[Opening Provided data section]
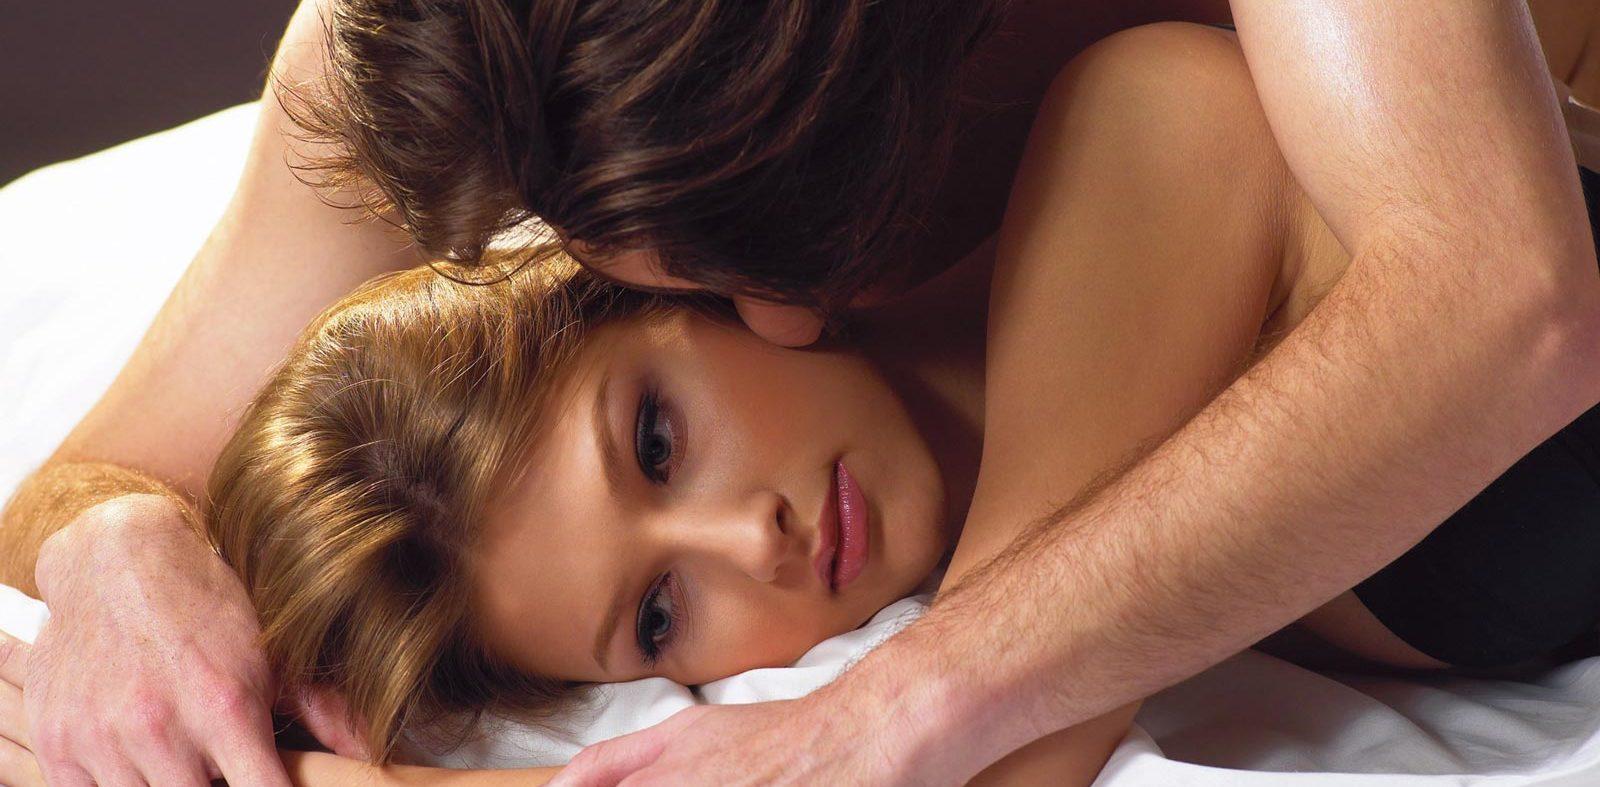 Трибестан - фригидность, аноргазмия и лечение аноргазмии
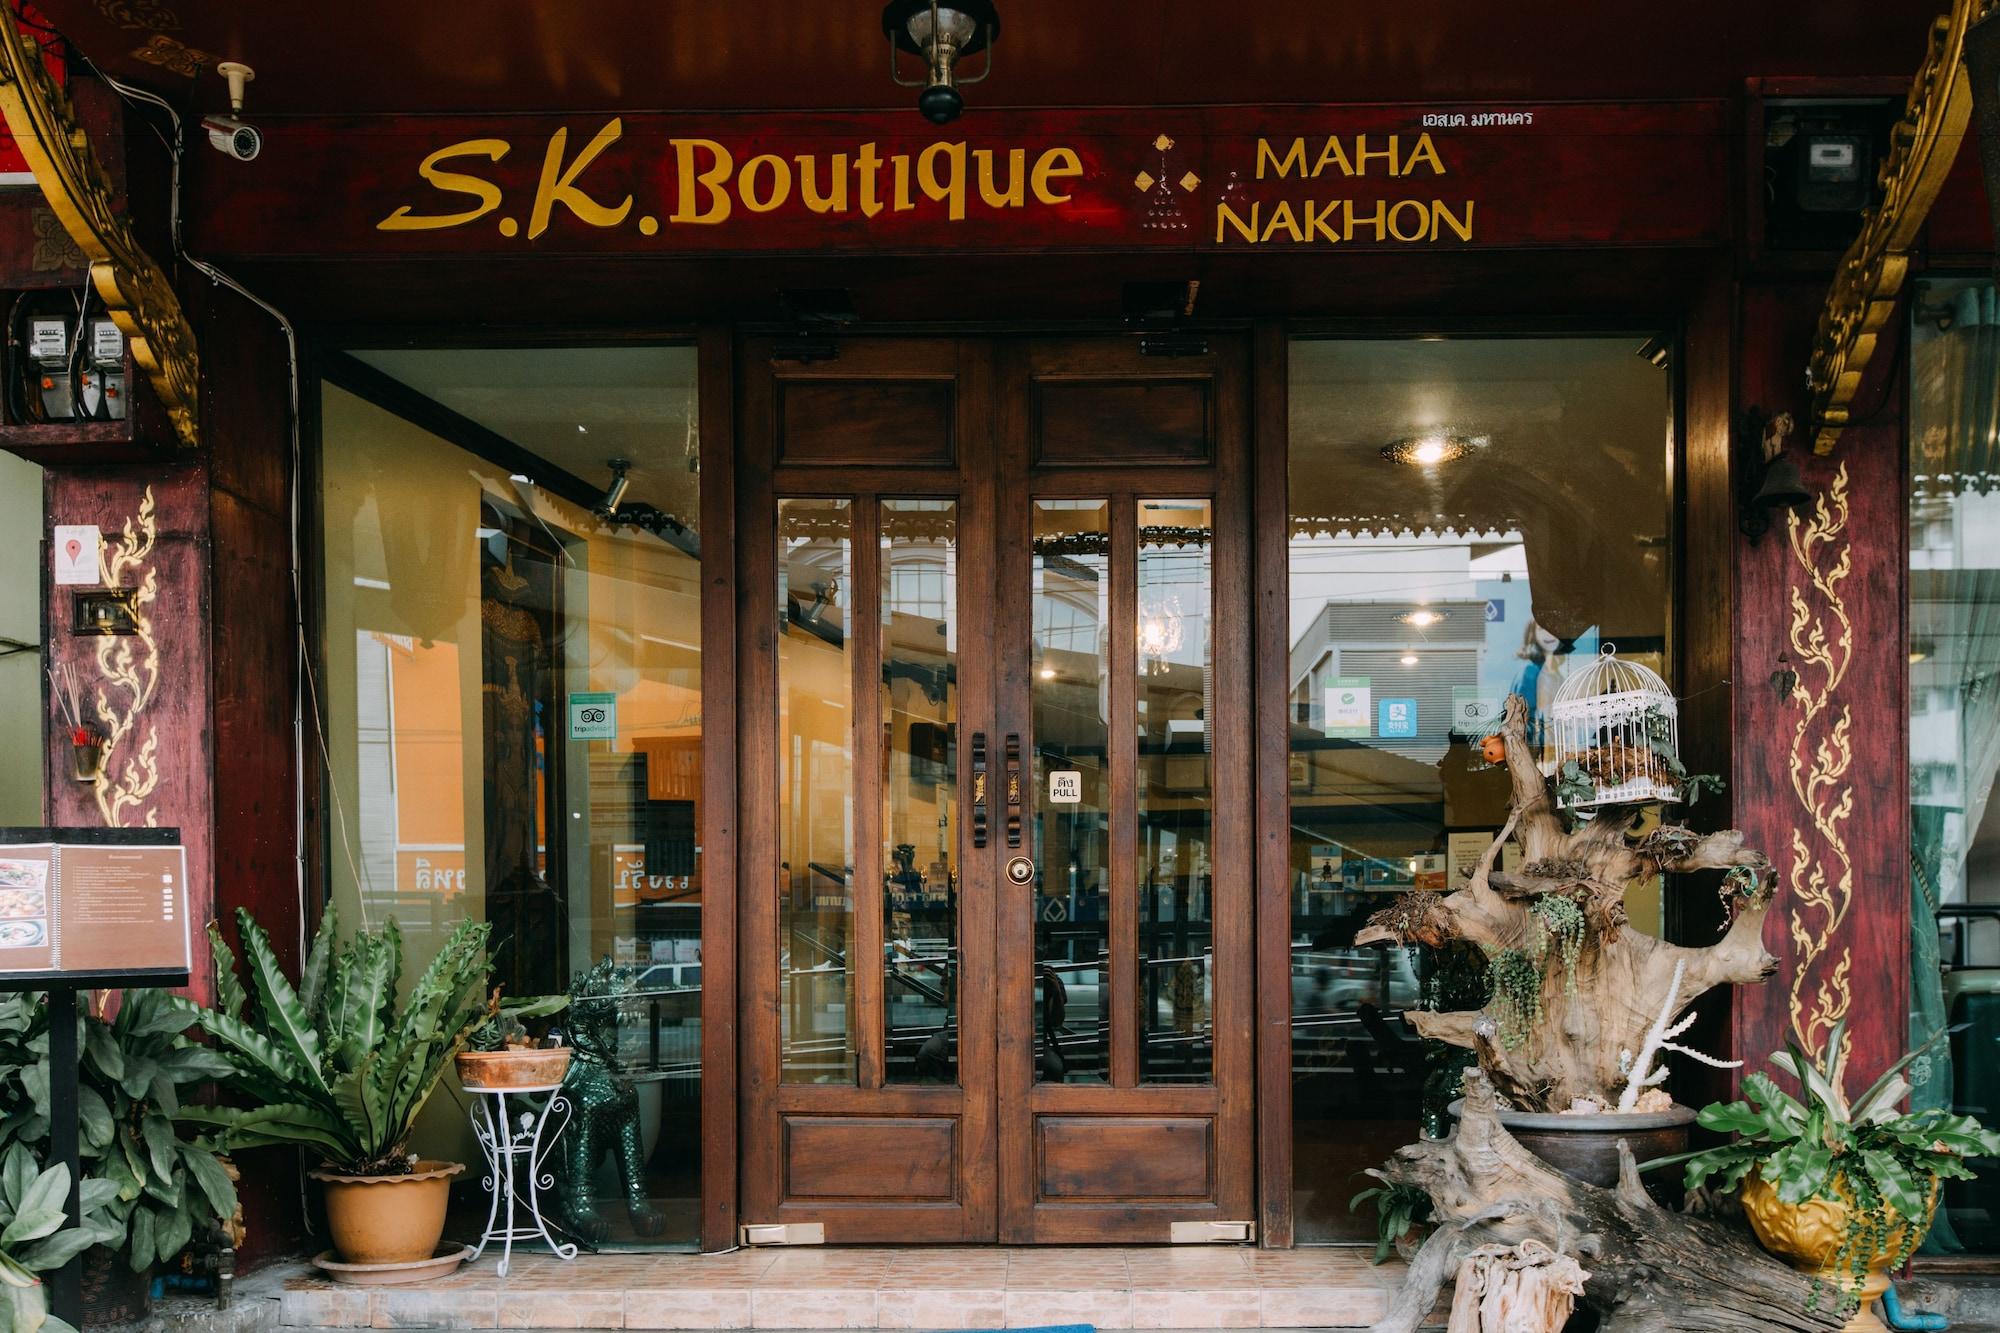 SK Boutique Maha Nakhon, Bang Rak
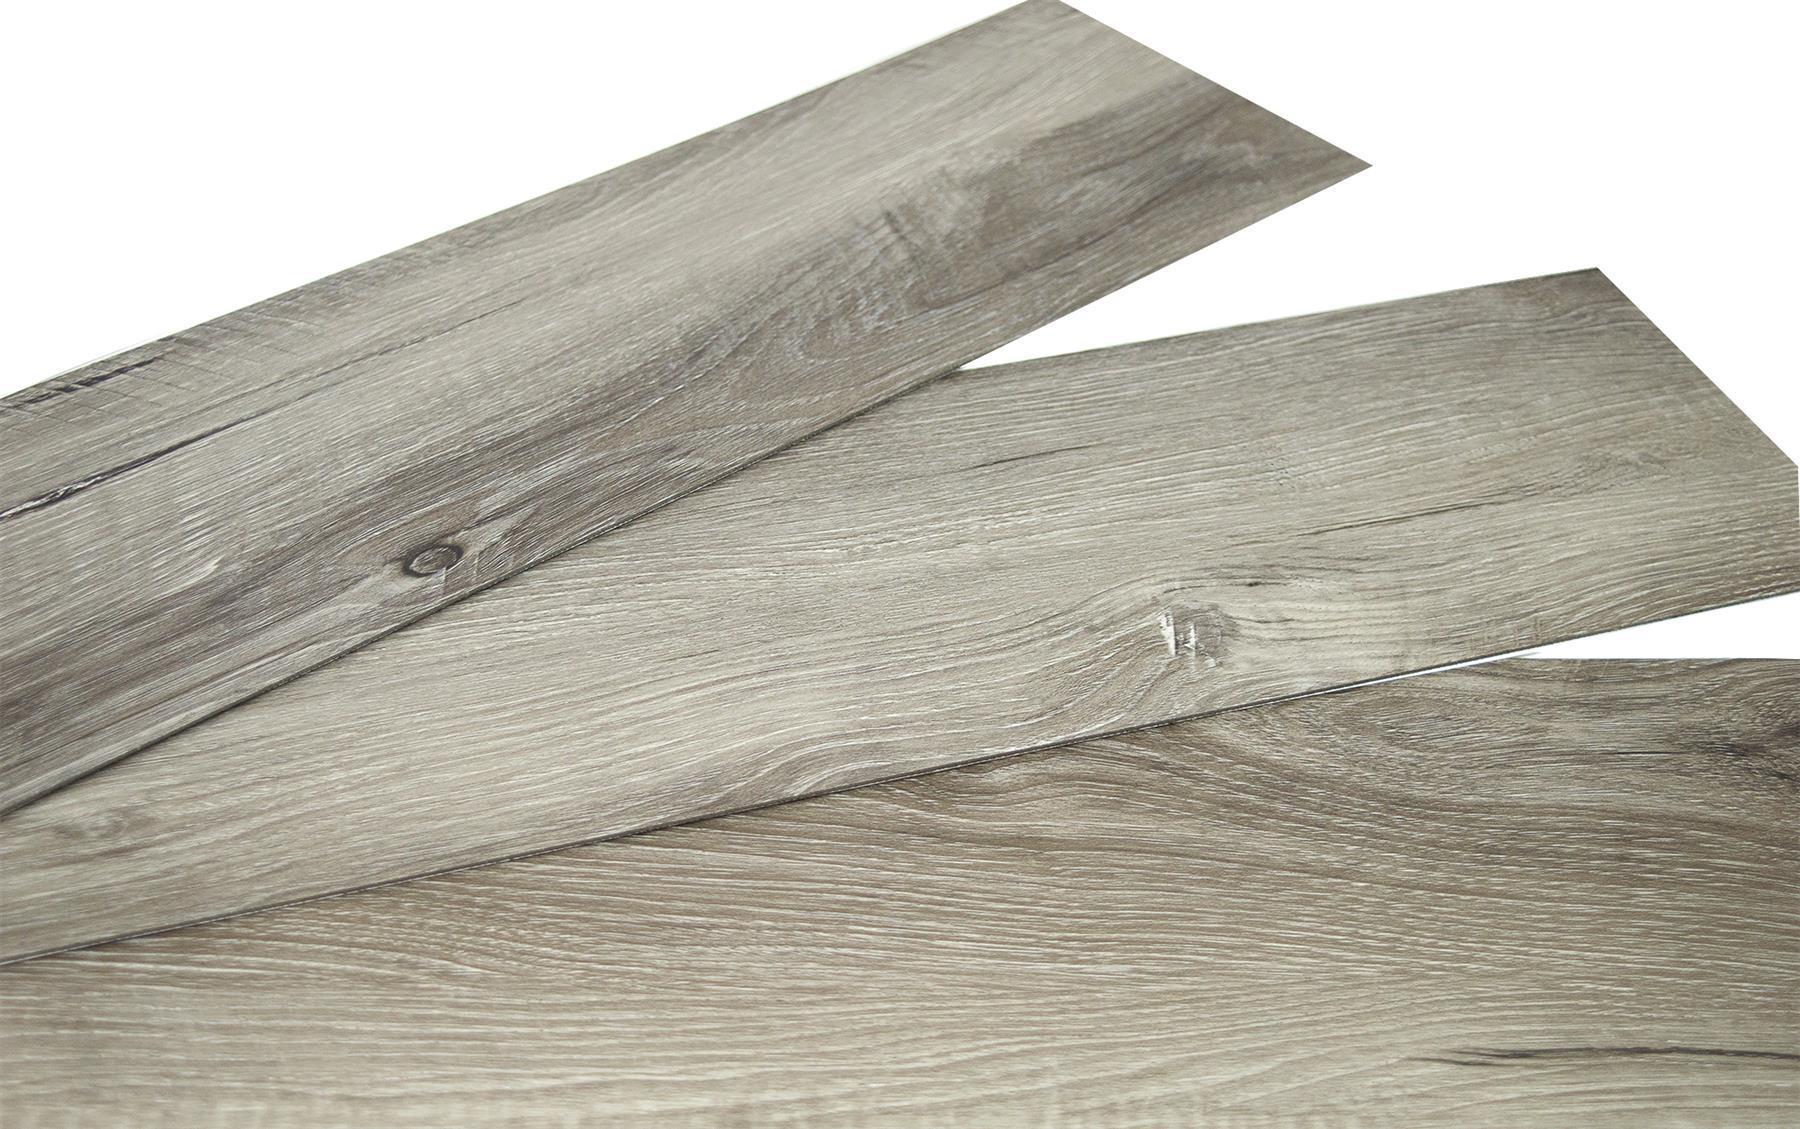 thumbnail 7 - Floor Planks Tiles Self Adhesive Dark Grey Wood Vinyl Flooring Kitchen Bathroom
[Closing Provided data section]
## Problem requirements
Write out an exact reproduction of the lines from the line that holds "SK Boutique Maha Nakhon, Bang Rak" to the bottom of the listing above, both ends included. Exclude pictures.

## Solved problem
 SK Boutique Maha Nakhon, Bang Rak
 thumbnail 7 - Floor Planks Tiles Self Adhesive Dark Grey Wood Vinyl Flooring Kitchen Bathroom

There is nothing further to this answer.